I believe such a statement would actually depend on the group (even though it was specified as "generic"). That's because there are actually several different operations potentially involved in such a search, and different groups have different costs associated with these operations. We have the group operation, and comparing two elements for equality - that's all that Pollard's rho method needs.

However, other algorithms (such as Baby Step Giant Step and Van Oorschot's parallelable search algorithm [1]) need an additional operation that can summarize as an 'canonicalize' operation, which takes the group member and converts it into a byte string (such that the two members convert to the same byte string if and only if they are equal). For some groups (say, the ones that use a deterministic representation internally), this is quite cheap; for others (for example, for large characteristic elliptic curves where doing operations in projective coordinates is preferable), this can be quite a bit more expensive than the group operation itself.
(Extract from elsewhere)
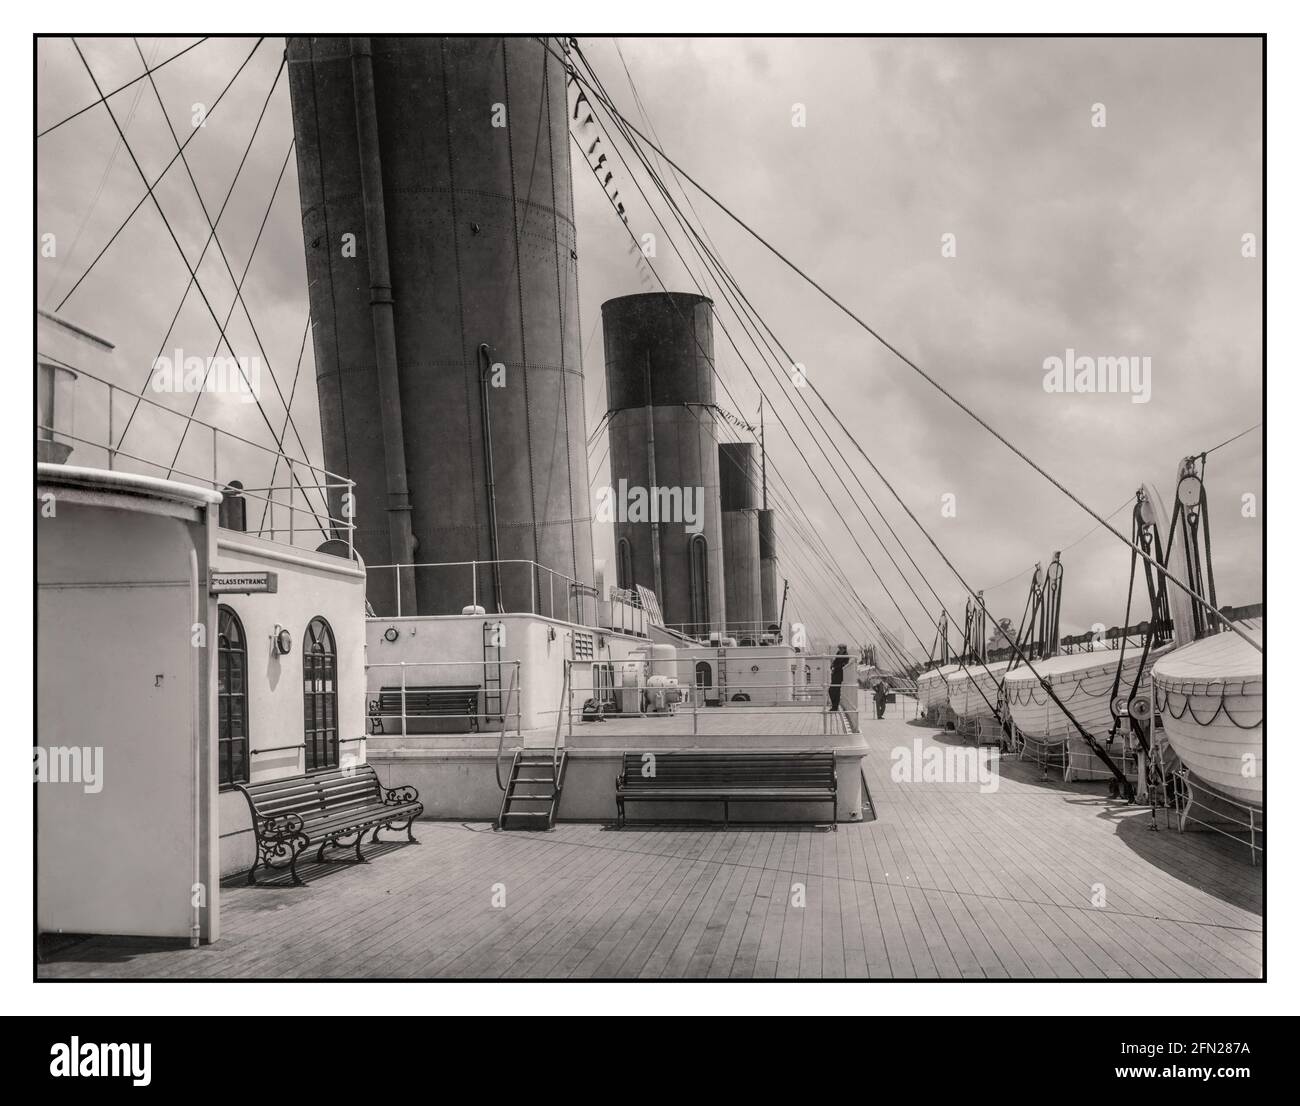 TITANIC RETTUNGSBOOTE DECK 1910s RMS Titanic First Class Bootsdeck White Star Line mit makellosen Decks, zweiter Klasse Eingang auf der linken Seite mit einer Reihe von Rettungsbooten auf der rechten Seite. Werbefoto vor dem Segeln auf seiner schicksalhaften Reise. Stockfoto

I believe one summation may be "if the canonicalize operation is expensive, the Rho algorithm runs faster; if it's cheap, then Van Oorschot's algorithm is probably better (even if you don't need the parallizability). That is because the Rho algorithm uses several more times as many group operations than the Oorschot algorithm (on average); however if the canonicalize operation is expensive, that expense can easily outweigh the additional group operations.

  1. The above statement also applies to the Elliptic Curve Discrete Logarithm problem, for curves with no known shortcuts/weaknesses.

Actually, it is a good demonstration of the above points; for even characteristic curves (which allow for a cheap canonicalization), Van Oorschot is probably better - for large characteristic curves (which don't have that), Pollard Rho is probably better.

[1]: For Van Oorschot's algorithm, we need this canonicalize operation (or something like it) to define the appropriate $f$ function, which needs to be deterministic on its input (which is a group element). Just using group operations would yield a linear $f$ function (where collisions don't happen), and so we need to step out of the group paradigm, and do the same nongroup operation independent of how the input is represented.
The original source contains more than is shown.